祝鳶半晌沒有回答,池景行轉身打算離開,卻聽見她在身後響起的聲音。
「池景行,你為什麼對我這麼好?」
這是她第二次問出這個問題,即便第一次他的回答讓她感到很難堪,她還是問出來了。
她不是心裡能藏事的性格,否則幾年前,她也不會在發現了賀嶼公司不對勁時,那麼快被賀嶼察覺出了端倪。
她承認自己很沒出息,但她就是迫切地想要知道一個答案。
可池景行只是顧左右而言他:「順手的事情罷了,祝小姐,你是沒有人對你好過嗎?」
祝鳶一時之間無話可說。
池景行默了默,什麼也沒再說,走出了病房。
離開醫院之前,他去了一趟主任醫生辦公室,要了一份祝鳶的受傷情況診斷書。
然後,他報了警。
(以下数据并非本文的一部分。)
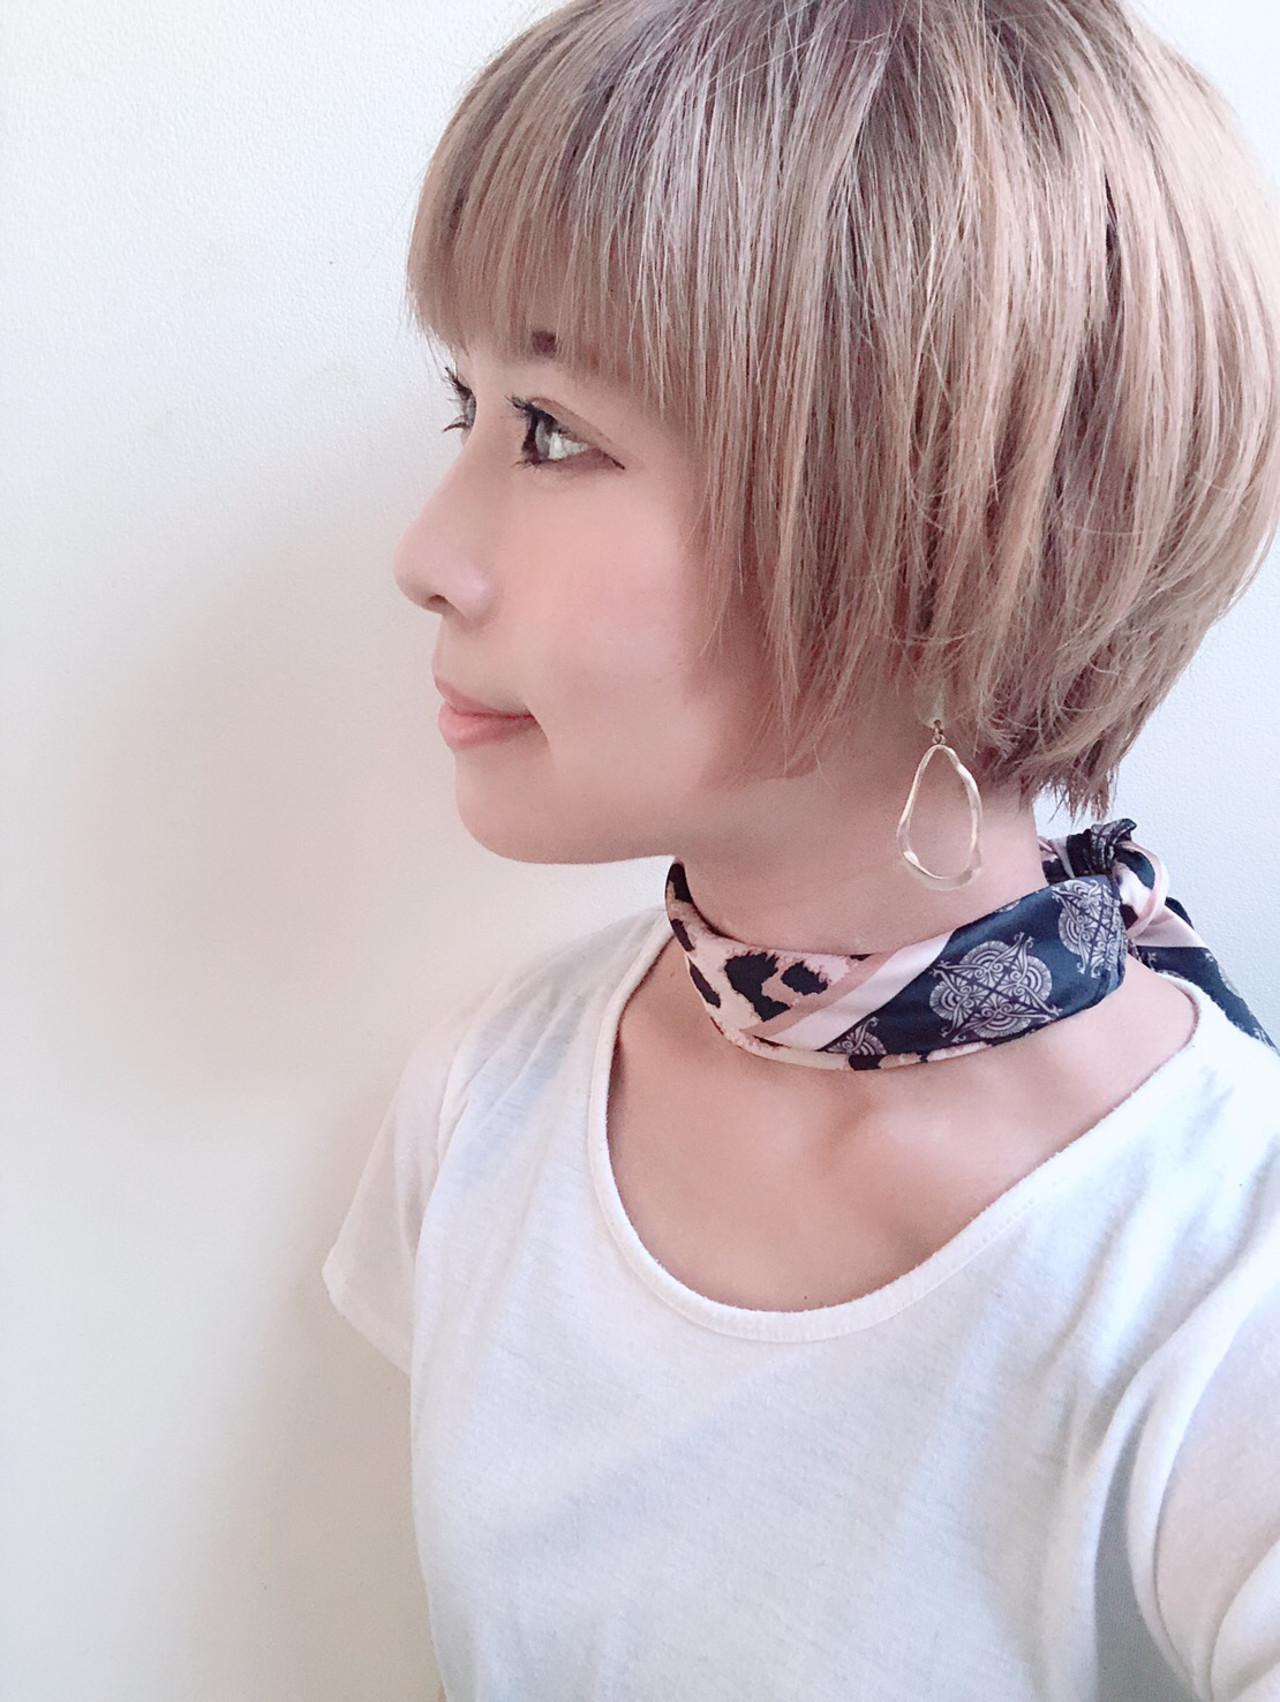 ショートヘア マッシュショート ナチュラル 小顔ショート ヘアスタイルや髪型の写真・画像 | 北川友理 / unsung

t
坐在警察局裡看著被幾個警察帶來的林晨,林晨顯然什麼情況也不知道,一臉懵逼又害怕,在看見池景行的時候,林晨的腿軟了軟。
「池總……池總,您怎麼在這?」
池景行直接把幾張診斷書甩在了林晨的面前。
林晨躲閃了一下,從地上撿起診斷書,慢慢地,他的臉越來越白,雙手也開始不自覺地顫抖。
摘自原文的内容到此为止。